Шелест теней, обретающих форму, набирающих силу. Она набрала полные легкие воздуха, почувствовав его сладостную незнакомую горечь. Повернувшись, направила свет на почетного стража статуй. Они передвинулись? Они подвинулись ближе к ней? Не повернулись ли слегка эти головы на своих мраморных шеях? Одна из них — фигура, вооруженная луком, казалось, наблюдала за ней. Слепой белый взгляд прожег ее душу и опалил огнем.
Шепот. Ее имя, произнесенное где-то вдалеке.
Установленный над черным камнем — алтарем? — идол-хранитель, казалось, выжидал, и вокруг него пыль вращалась и кружилась, словно нечто живое. Голос теперь донесся до нее яснее, с холодным ветром, который выложил пыль в узоры. Эти узоры возникали, исчезали и снова возникали, как в калейдоскопе, создавая странные тени на пути распространения света фонаря. Язык был незнакомый, хотя нет, это был какой-то вариант искаженного греческого. Древний греческий диалект, наполненный нарастающей необходимостью и дикой грубой силой. Она не осмеливалась позволить лучу света попасть на пол, но удерживать его так, казалось, стоило огромных усилий. Она могла разобрать только отдельные фрагменты послания за этим оглушающим шумом в ее голове, подобным грохоту войсковых барабанов. Отступив назад от черного камня, от идола, установленного наверху, она покачала фонарем из стороны в сторону. Звук голоса усиливался, разделялся на множество голосов, мощных, беспощадных, раздававшихся эхом со всех сторон. Она направила свет на эти заколдованные лица, и тогда голос вернулся к ней снова, он нес в себе силу, которая заставила ее пошатнуться, упасть на колени, умоляя идола о помиловании. В этот момент ей показалось, что голова идола чуть-чуть повернулась, совсем чуть-чуть, и над его мраморными глазницами замерцало синеватое пламя и тут же исчезло.
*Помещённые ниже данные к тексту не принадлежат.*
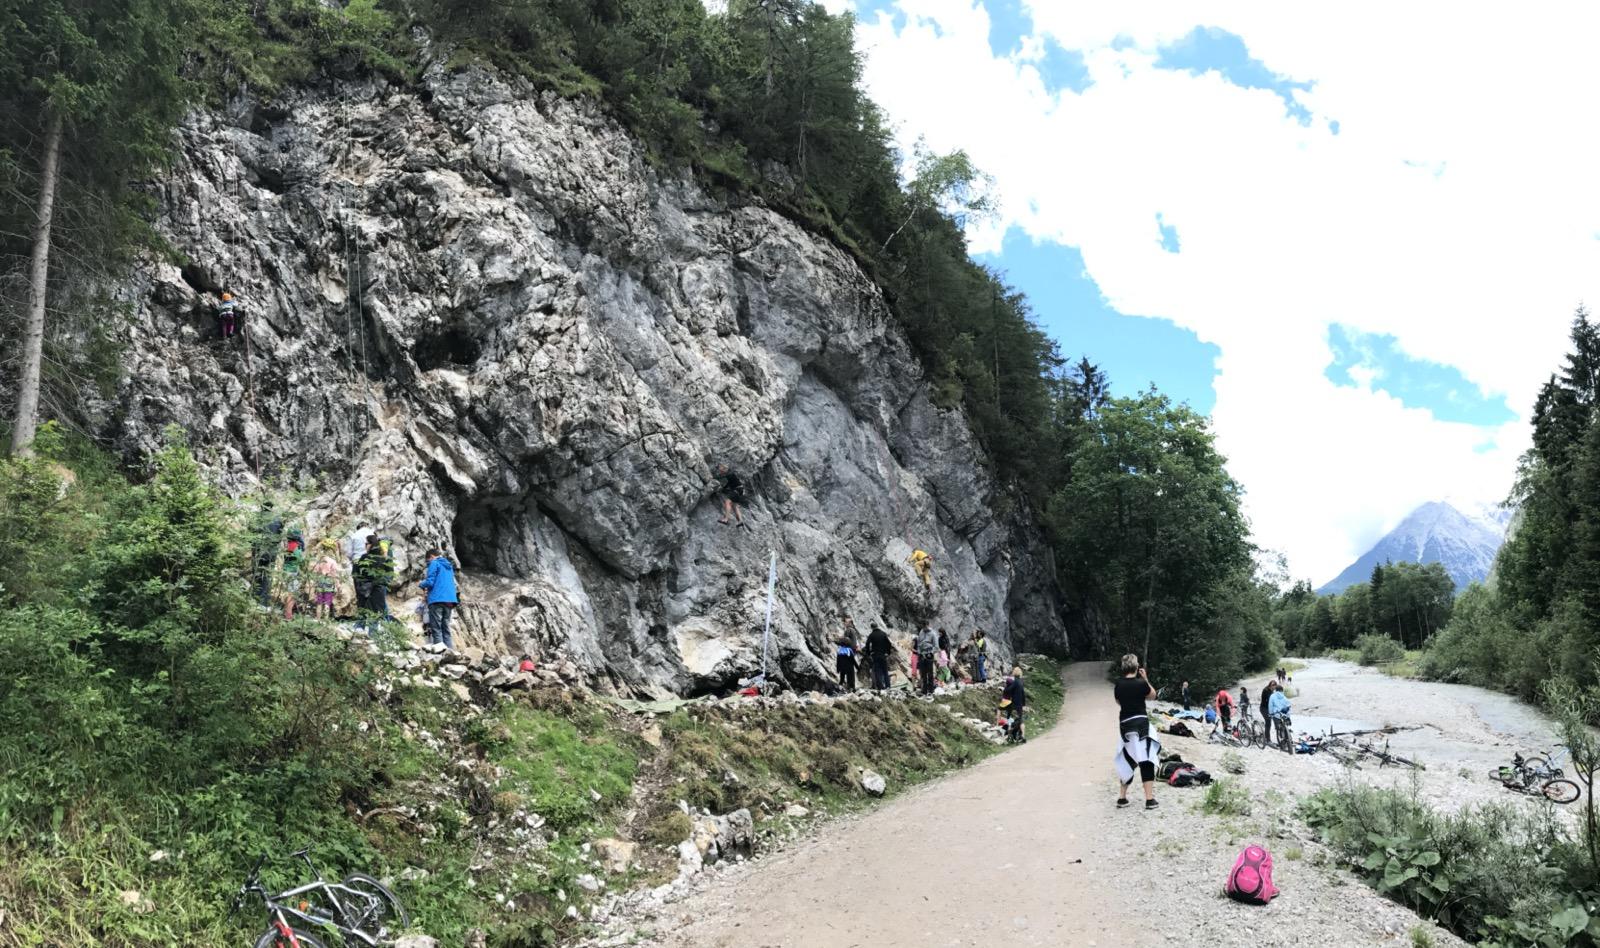 Seefeld, Klettergarten Flämenwandl, Foto: Olympiaregion Seefeld I Climbers Paradise

В густых дымчатых складках пыли что-то двигалось, медленно выбираясь из огня. Силуэт, созданный из света и тени, пыли и камня, приблизился к женщине туманной походкой и остановился перед ней, расплываясь. На месте лица у него просматривались лишь темные очертания. Глазницы существа, ослепительно сияющие синим светом, словно горящие бриллианты, вспыхнули с такой силой, что голова женщины качнулась назад. Она почувствовала, как та же самая ужасная, устрашающая сила сжимает ее сердце, оставляя незащищенными кровяные сосуды, мускулы и кости. В сознании ее промелькнули века, и когда она попыталась крикнуть, то не узнала свой собственный голос. Фигура колыхалась, и призрачные очертания подобия руки скользнули по ее лицу, оставляя запахи пыли и сухой хрупкой древности. Затем пыль снова поднялась столбом, целый океан пыли, скрывшей от взгляда ужасные картины. У нее еще нашлись силы подняться на ноги и начать отступать прочь. Все ее чувства обнажились до предела. Голос — нет, много голосов, слившихся в один, — сейчас отступал, постепенно удаляясь за стену, через которую он проникал, и наконец совсем исчез.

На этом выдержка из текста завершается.